→ MATERIAL PROVIDED
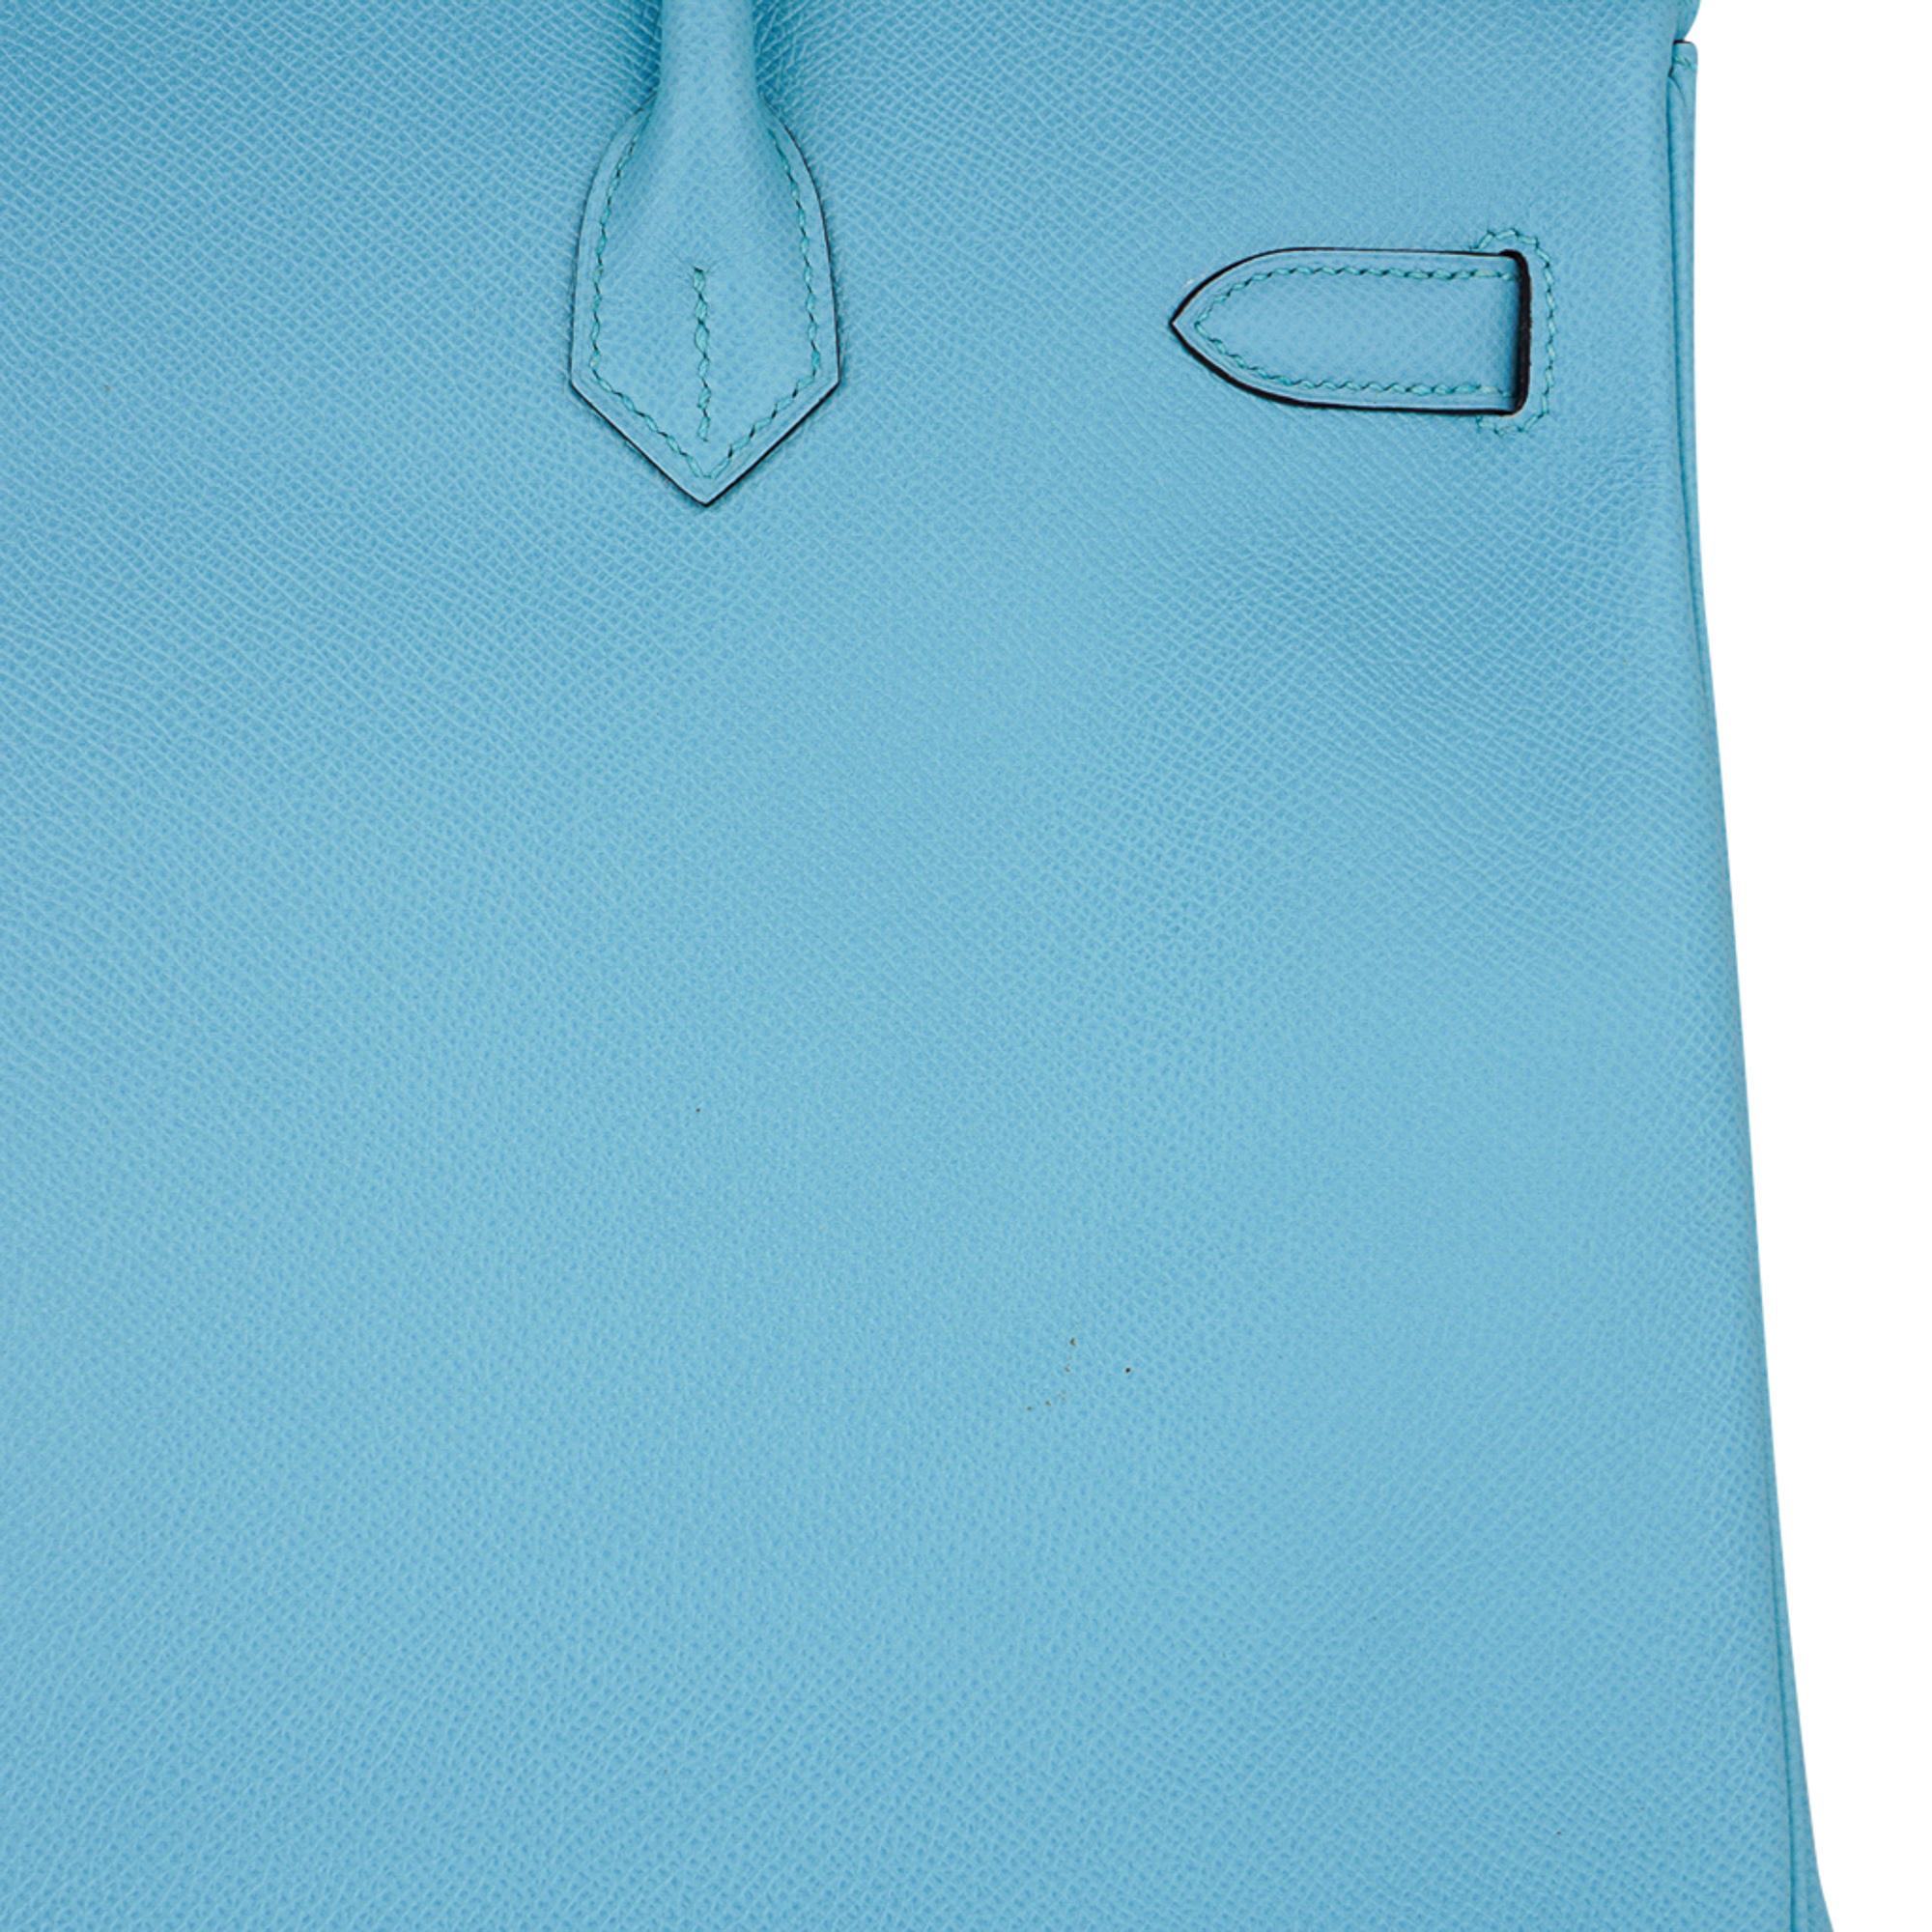 Hermes Birkin 35 Bag Blue Atoll Gold Hardware Epsom Leather 10
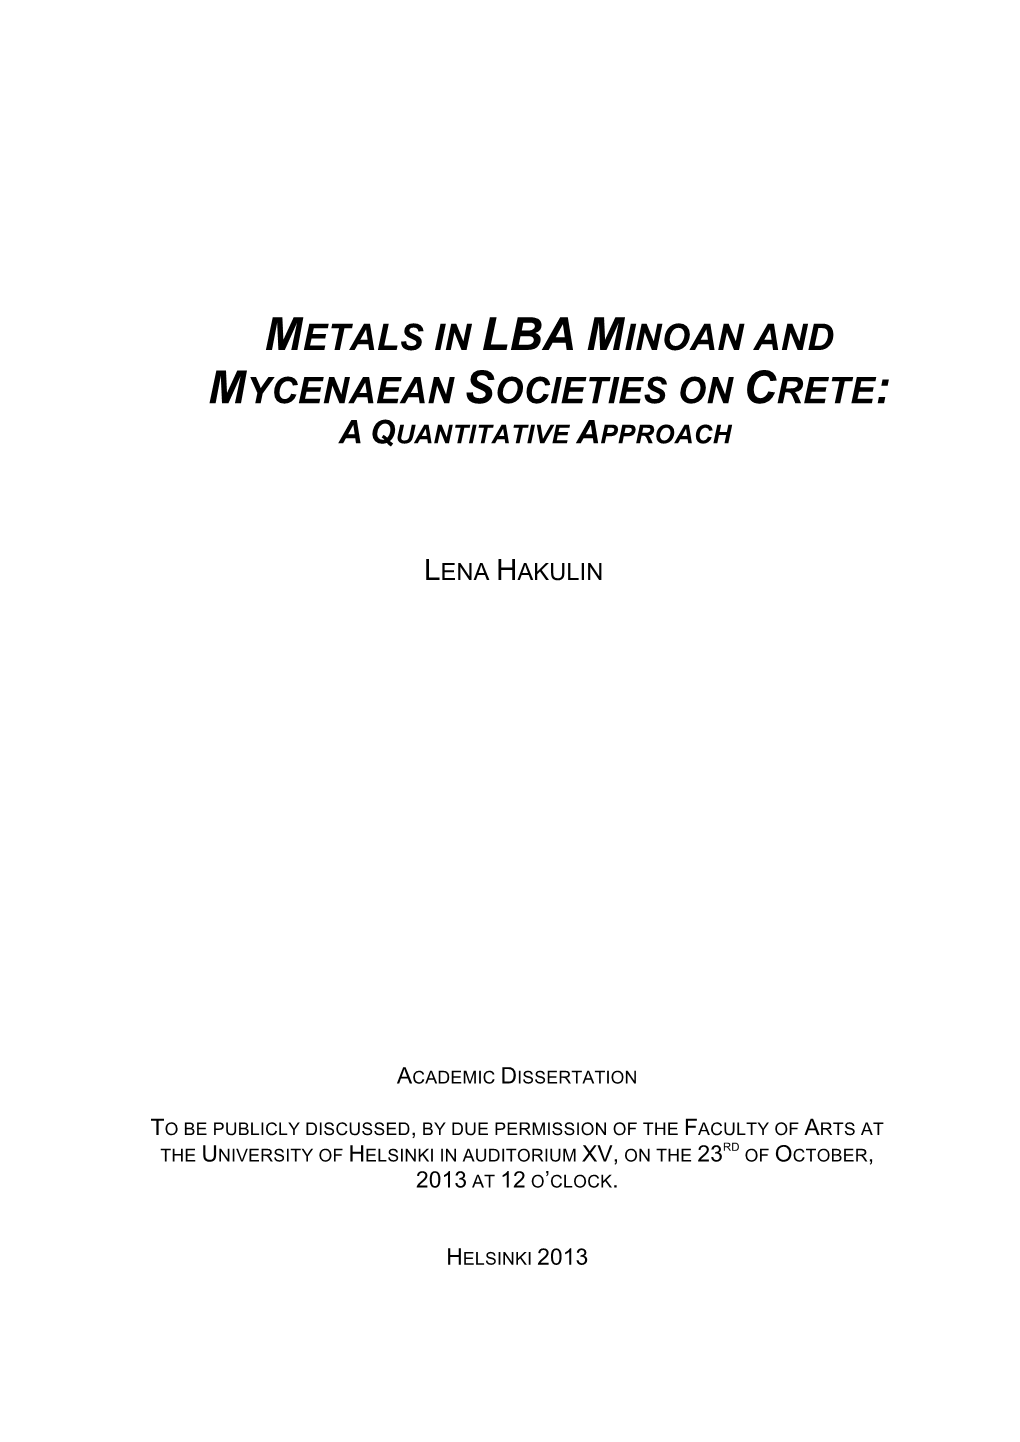 Metals in Lba Minoan and Mycenaean Societies on Crete: a Quantitative Approach
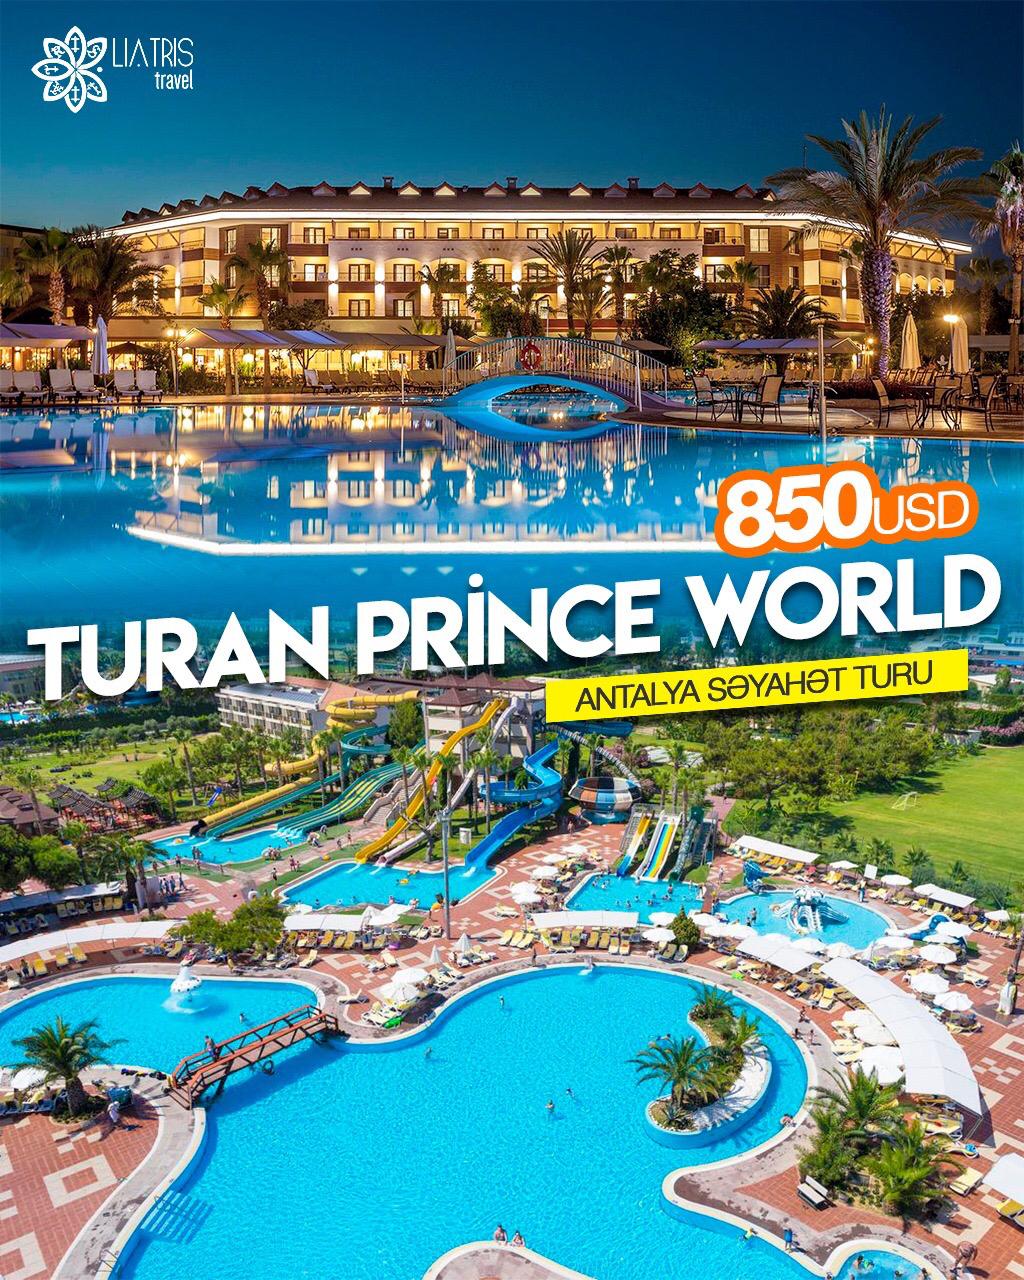 TURAN PRINCE WORLD 5*

→ WHAT THE TASK REQUIRES
Exactly as written, restate all of the data, leaving out the images.

→ EXERCISE ANSWER
 Hermes Birkin 35 Bag Blue Atoll Gold Hardware Epsom Leather 10
 Metals in Lba Minoan and Mycenaean Societies on Crete: a Quantitative Approach
 TURAN PRINCE WORLD 5*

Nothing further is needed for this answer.